Calendula (Calendula officinalis) Actually the marigold, but the ornamental variety is not the best for eating. Choose hybrids grown for such. Tastes a little like saffron, spicy, tangy, peppery, adds a golden hue to the plate. Lust: Anti-spasmodic, flowers good for colitis, cramps, ulcers; for fever and anti-nausea.

Chamomile (Chamaemelum nobile) Has a faint apple flavor, good as a tea also. Lust: medicinal properties soothe asthma, help against insomnia, decoctions ameliorate toothache.

Chicory (Cichorium intybus) Earthy, eat either the petals or the buds. Lust: digestive aid, good for spleen problems, jaundice, excellent appetizer as it stimulates appetite.

Dandelion This dandy lion is the king of the nutrition jungle. Flowers are excellent tasting, leaves are wonderful in salads and sources tout the powerful blood purifying properties of the plant. Don't eat the ones out of your yard if Chem-Lawn has you on their route!

Hollyhock (Alcea rosea) Very bland tasting flavor. Lust: Used to soothe sore throat, can heal mouth inflammation.

Lavender (Lavendula species) Floral, slightly perfumey flavor. Lust: Soothes migraine headache, flatulence, dizziness. Note: This is one of the blooms that some sources say may be harmful in large amounts.

Lilac (Syringa vulgaris) My Omaha favorite. Has a distinct lemony taste with floral, pungent overtones. Great in salads.

Common Mallow (Malva sylrestris) Has a sweet, delicate taste like - - guess what? -- Yep, marshmallow. Chew the thick twig stem or use the blossoms. At certain times of the year when the twig stem is moist, you'll swear you're eating a marshmallow. Blossoms are sweet.

Nasturtium (Tropaeolum majus) This is a McFoster's regular. A delicate trumpet-shaped bloom. Buds are often pickled and used like capers. The blossom petals have a sweet, mildly pungent, peppery flavor. Tom Foster: "You can eat the stems like a stick of candy. They have a sweet but spicy streak to them." You can serve the whole blossom as a salad garnish. Lust: Excellent chopped and blended with cream cheese or butter. Medicinal qualities include antiseptic, expectorant, good for chest cold, promotes formation of new blood cells.

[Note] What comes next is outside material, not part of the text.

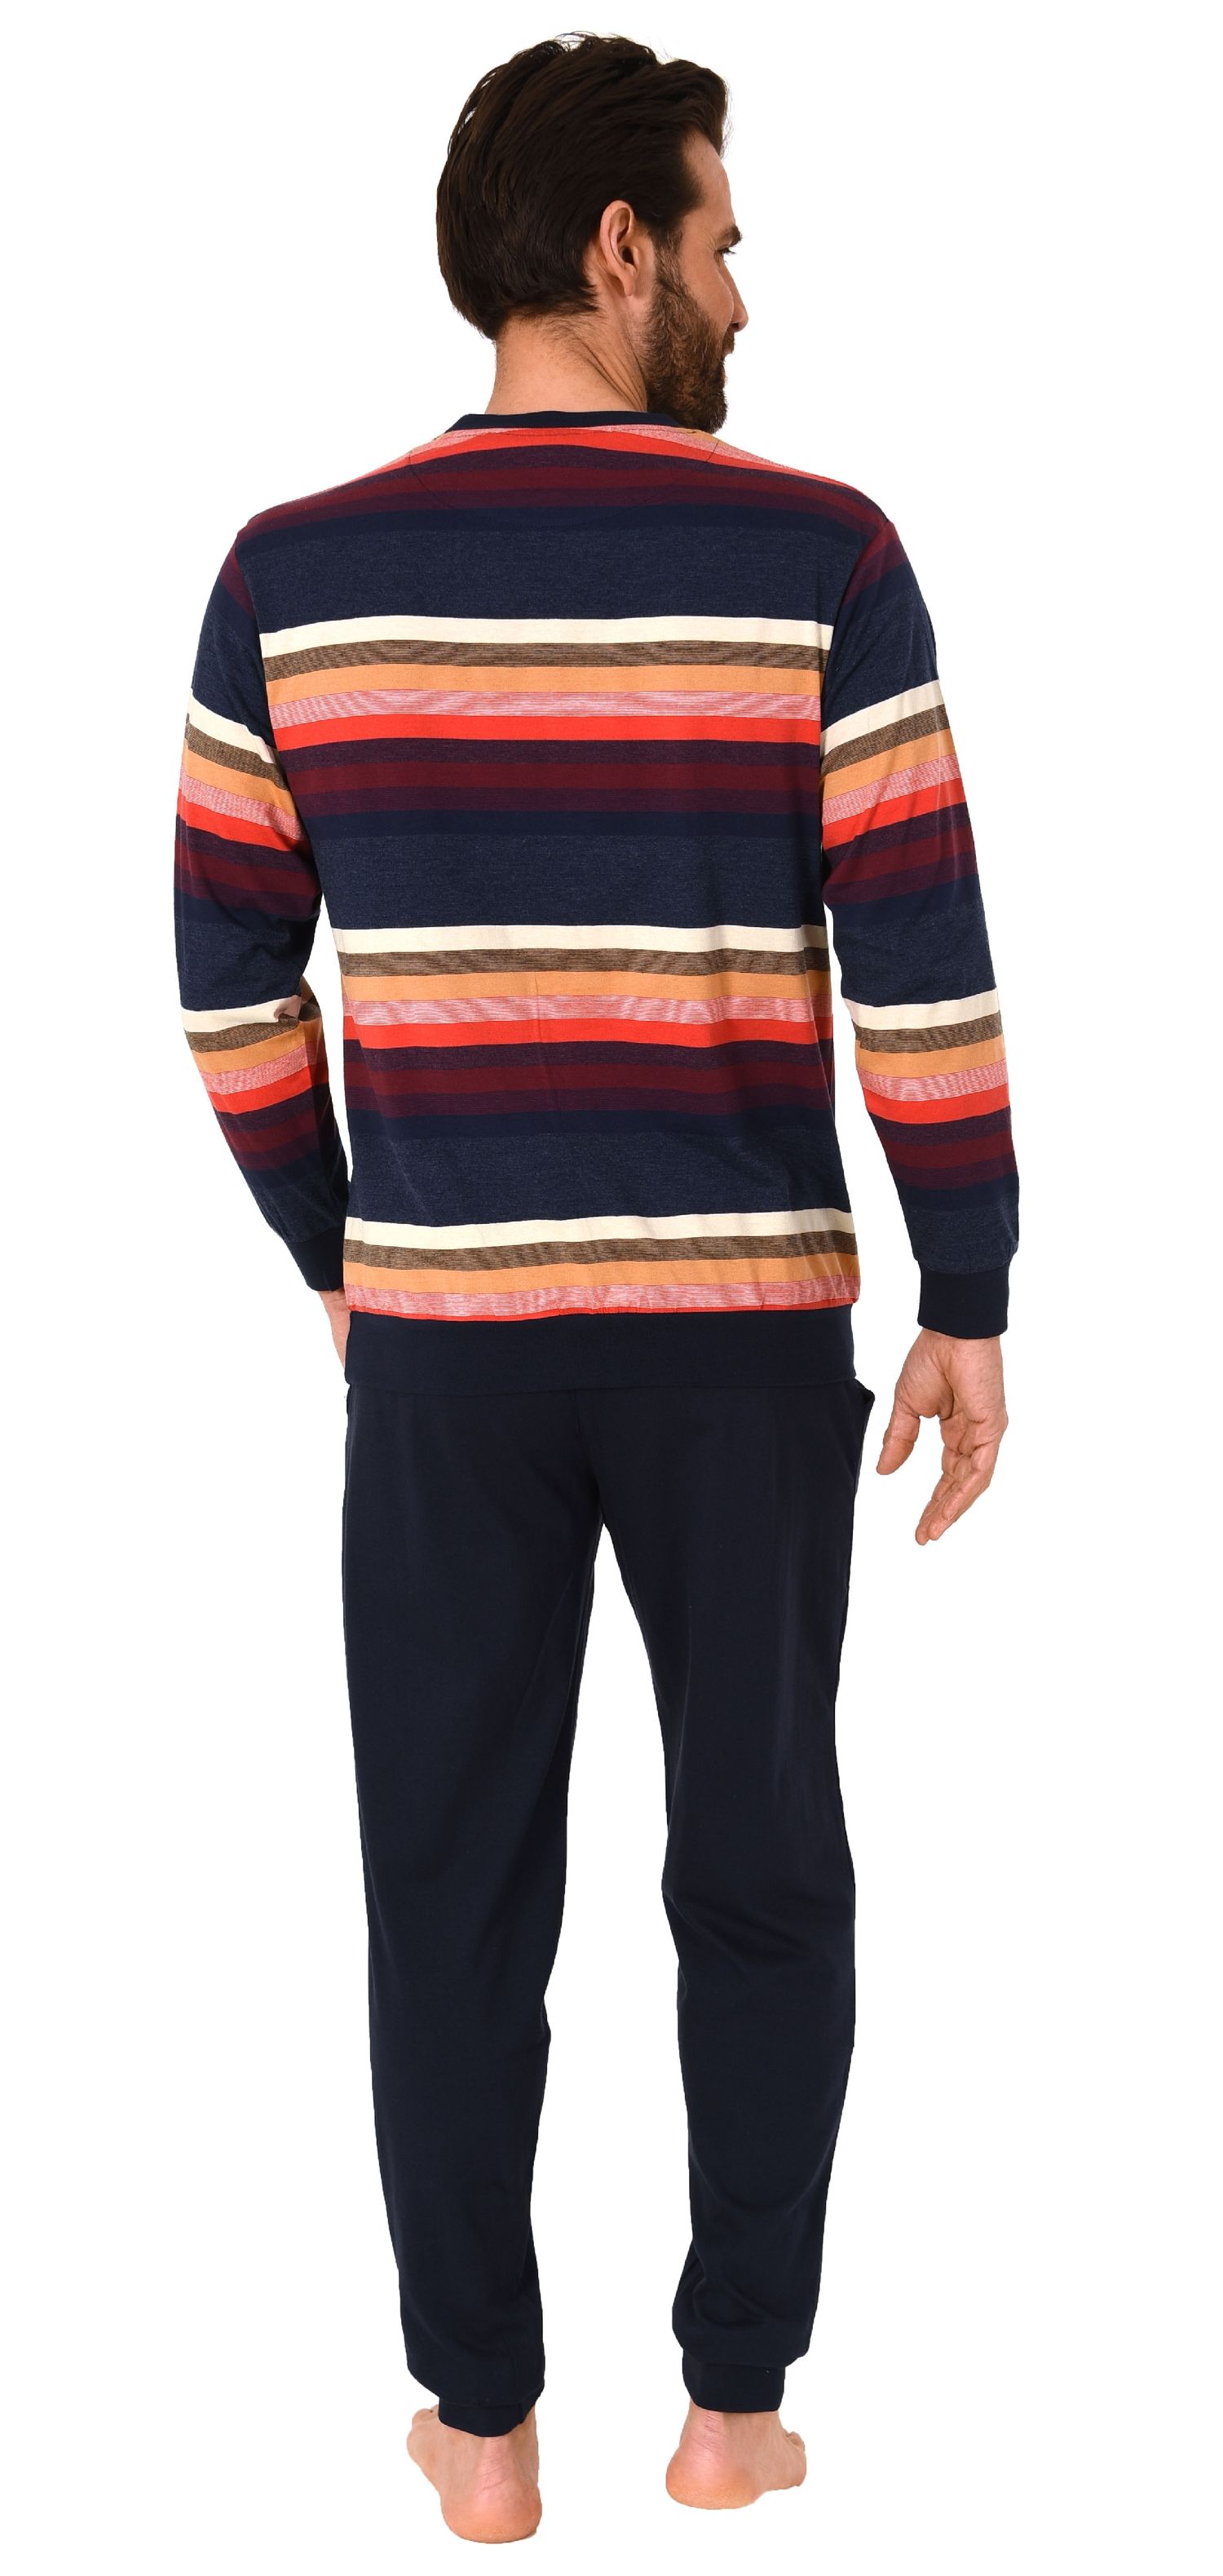 Herren Pyjama Schlafanzug langarm mit Bündchen in toller Streifenoptik  - 102 101 90 770

Rose (Rosa rugosa or R. gallica officinalis) Rose petals have a sweet, aromatic flavor. The stronger the fragrance, the stronger the flavor. The lower (whitish) part of the petal is bitter. Rose hips are also edible. Note that rosehips are often included in supplemental vitamins as a premium ingredient. Lust: Remedy for headache, dizziness. Excellent blood purifier. Good source of Vitamin C and other anti-oxidants.

Violets Hardly a shrinking addition to salads or floating gently in a bowl of soup. Sweet and subtle, the small blossoms are crunchy if served fresh.
There are a number of commonsense thoughts that should guide your diet regardless of its direction and the same holds true of eating flowers. Some parts of blossoms have more allergens than the petals. You may want to avoid the internal workings such as the pistils and stamens where the pollen is formed and stored. Eat in conservative amounts so that you know which flowers agree with you if you've never enjoyed trying them before.

Some flowers are just plain considered poisonous. Some of those are azalea, crocus, daffodil, foxglove, oleander, rhododendron, jack-in-the-pulpit, lily of the valley, poinsettia and wisteria. Eat flowers from a proper source. You wouldn't eat a hamburger you found lying by the side of the road. Don't presume it's ok to pick the flowers there either. Happy spring.